Decided by Board July 11, 1967.

(1) Since evidence of record establishes respondent was a homosexual at time of his entry for permanent residence in 1952, he is deportable on the charge that he was excludable at entry as a person of constitutional psychopathic inferiority [ Boutilier v. Immigration and Naturalization Service, 387 U.S. 118 (1967)].

(2) Failure to advise respondent of right to counsel at the time a preliminary sworn statement was voluntarily made by him does not render such statement inadmissible in evidence in deportation proceedings since there is no right to counsel during the taking of a statement in the investigative stage [ Nason v. Immigration and Naturalization Service, 370 F.2d 865 (1967)].

CHARGES:

Order: Act of 1952 — Section 241(a)(1) [ 8 U.S.C. 1251(a)(1)] — Excludable at entry — section 212(a)(4) [ 8 U.S.C. 1182(a)(4)] — psychopathic personality.

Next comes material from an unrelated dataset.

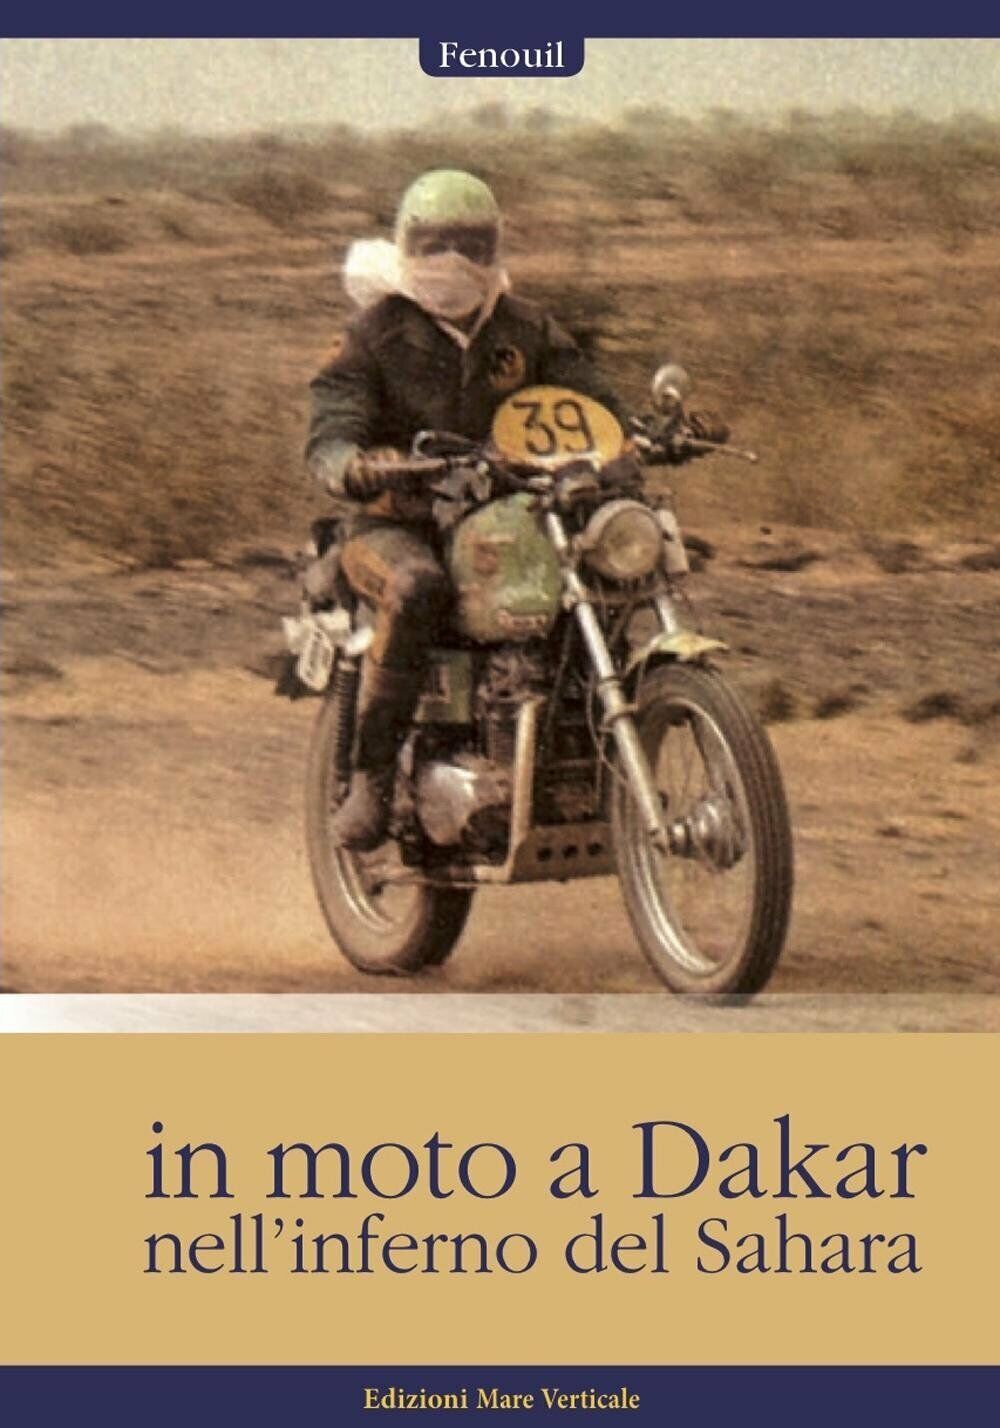 In moto a Dakar nell'inferno del Sahara - Fenouil - mare Verticale, 2016 libro usato

Lodged: Act of 1952 — Section 241(a)(1) [ 8 U.S.C. 1251(a)(1)] — Excludable at entry — section 3, Act of February 5, 1917 — constitutional psychopathic inferiority.

ON BEHALF OF RESPONDENT: Max Frederick Brown, Esquire 2025 First National Building Detroit, Michigan 48226


The respondent appeals from the order of the special inquiry officer requiring his deportation on the lodged charge.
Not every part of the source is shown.